There's a proof that $\cos(36^\circ)=\dfrac{1+\sqrt5}{4}$ here. Use the identities
$$\sin(x)=\sqrt{1-\cos^2(x)}$$
($x$ is in the first quadrant) and
$$\tan(x)=\dfrac{\sin(x)}{\cos(x)}$$
to finish up, if you will.

Then I finished it up:
$$\tan(x)=\dfrac{\sin(x)}{\cos(x)}$$
$$=\frac{\sqrt{1-cos^2x}}{\frac{1+\sqrt{5}}{4}}$$
$$=\frac{\sqrt{1-(\frac{1+\sqrt{5}}{4})^2}}{\frac{1+\sqrt{5}}{4}}$$
$$=\frac{\sqrt{\frac{16}{16}-\frac{1+2\sqrt{5}+5}{16}}}{\frac{1+\sqrt{5}}{4}}$$
$$=\frac{\sqrt{\frac{16-1-2\sqrt{5}-5}{16}}}{\frac{1+\sqrt{5}}{4}}$$
$$=\frac{\sqrt{\frac{10-2\sqrt{5}}{16}}}{\frac{1+\sqrt{5}}{4}}$$
$$=\frac{\frac{\sqrt{10-2\sqrt{5}}}{4}}{\frac{1+\sqrt{5}}{4}}$$
$$=\frac{\sqrt{10-2\sqrt{5}}}{1+\sqrt{5}}$$
$$=\sqrt{\frac{{10-2\sqrt{5}}}{(1+\sqrt{5})^2}}$$
$$=\sqrt{\frac{10-2\sqrt{5}}{1+2\sqrt{5}+5}}$$
$$=\sqrt{\frac{{10-2\sqrt{5}}}{6+2\sqrt{5}}}$$
$$=\sqrt{\frac{{10-2\sqrt{5}}}{6+2\sqrt{5}}\cdot\frac{6-2\sqrt{5}}{6-2\sqrt{5}}}$$
$$=\sqrt{\frac{{60-12\sqrt{5}-20\sqrt{5}+4(5)}}{36-4(5)}}$$
$$=\sqrt{\frac{{60-32\sqrt{5}+20}}{36-20}}$$
$$=\sqrt{\frac{{40-32\sqrt{5}}}{16}}$$
$$=\sqrt{5-2\sqrt{5}}$$

 

[MarkFL]

If I were trying to derive the value of $\tan\left(36^{\circ}\right)$, I would likely begin with:

$x\equiv18^{\circ}$

$$\sin(2x)=\cos(3x)$$

See if you can make progress from there...
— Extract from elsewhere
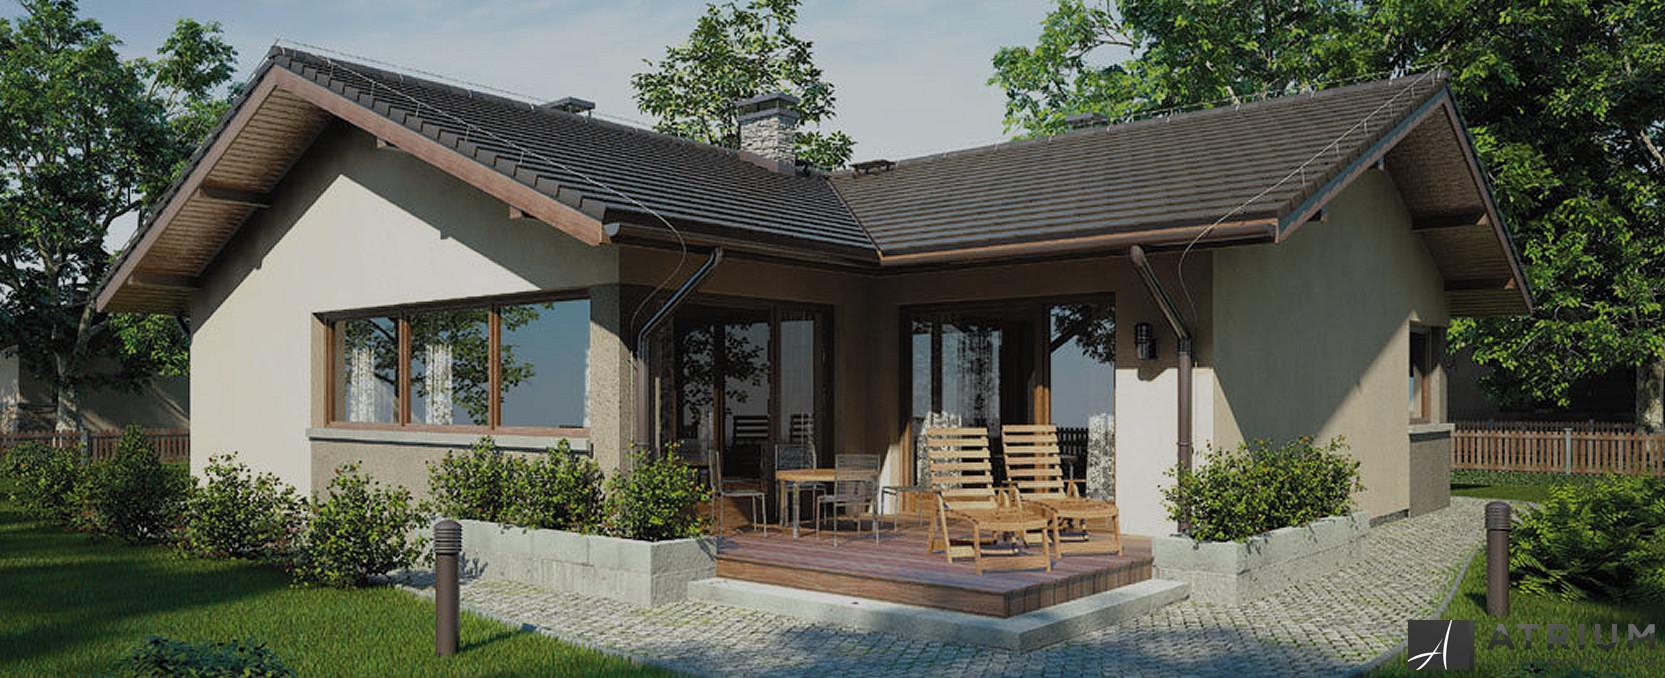 Fantastyczny Domy drewniane domy mieszkalne drewniane domy szkieletowe domy QT98

$$\sin(2x)=\cos(2x)\cos(x)-\sin(2x)\sin(x)\tag{1}$$

Using (1) we can get a quadratic in $\sin(x)$:

$$2\sin(x)=1-4\sin^2(x)$$

$$4\sin^2(x)+2\sin(x)-1=0$$

$$\sin(x)=\frac{-1+\sqrt{5}}{4}$$

Using a Pythagorean identity, we have:

$$\cos(x)=\sqrt{1-\sin^2(x)}=\frac{\sqrt{2(5+\sqrt{5})}}{4}$$

Hence:

$$\tan(x)=\sqrt{\frac{(\sqrt{5}-1)^2}{2(5+\sqrt{5})}}$$

And so:

$$\tan(2x)=\frac{2\sqrt{\dfrac{(\sqrt{5}-1)^2}{2(5+\sqrt{5})}}}{1-\dfrac{(\sqrt{5}-1)^2}{2(5+\sqrt{5})}}=\sqrt{\frac{\sqrt{5}(\sqrt{5}-1)^3}{8}}=\sqrt{\frac{8(5-2\sqrt{5})}{8}}=\sqrt{5-2\sqrt{5}}$$

 

[Monoxdifly]

$$\sin(2x)=\cos(2x)\cos(x)-\sin(2x)\sin(x)\tag{1}$$

Using (1) we can get a quadratic in $\sin(x)$:

$$2\sin(x)=1-4\sin^2(x)$$

Which (1) are you talking about?

 

[Greg]

$$\sin(2x)=\cos(2x)\cos(x)-\sin(2x)\sin(x)$$
$$2\sin(x)\cos(x)=(1-2\sin^2(x))\cos(x)-2\sin^2(x)\cos(x)$$
$$2\sin(x)=1-4\sin^2(x)$$
$$4\sin^2(x)+2\sin(x)-1=0$$

 

[MarkFL]

Which (1) are you talking about?

There is only 1 (1) that I posted:

View attachment 5444

 

[Monoxdifly]

Oops, sorry. I didn't see it. It's so far on the right that it somehow escaped my peripheral vision.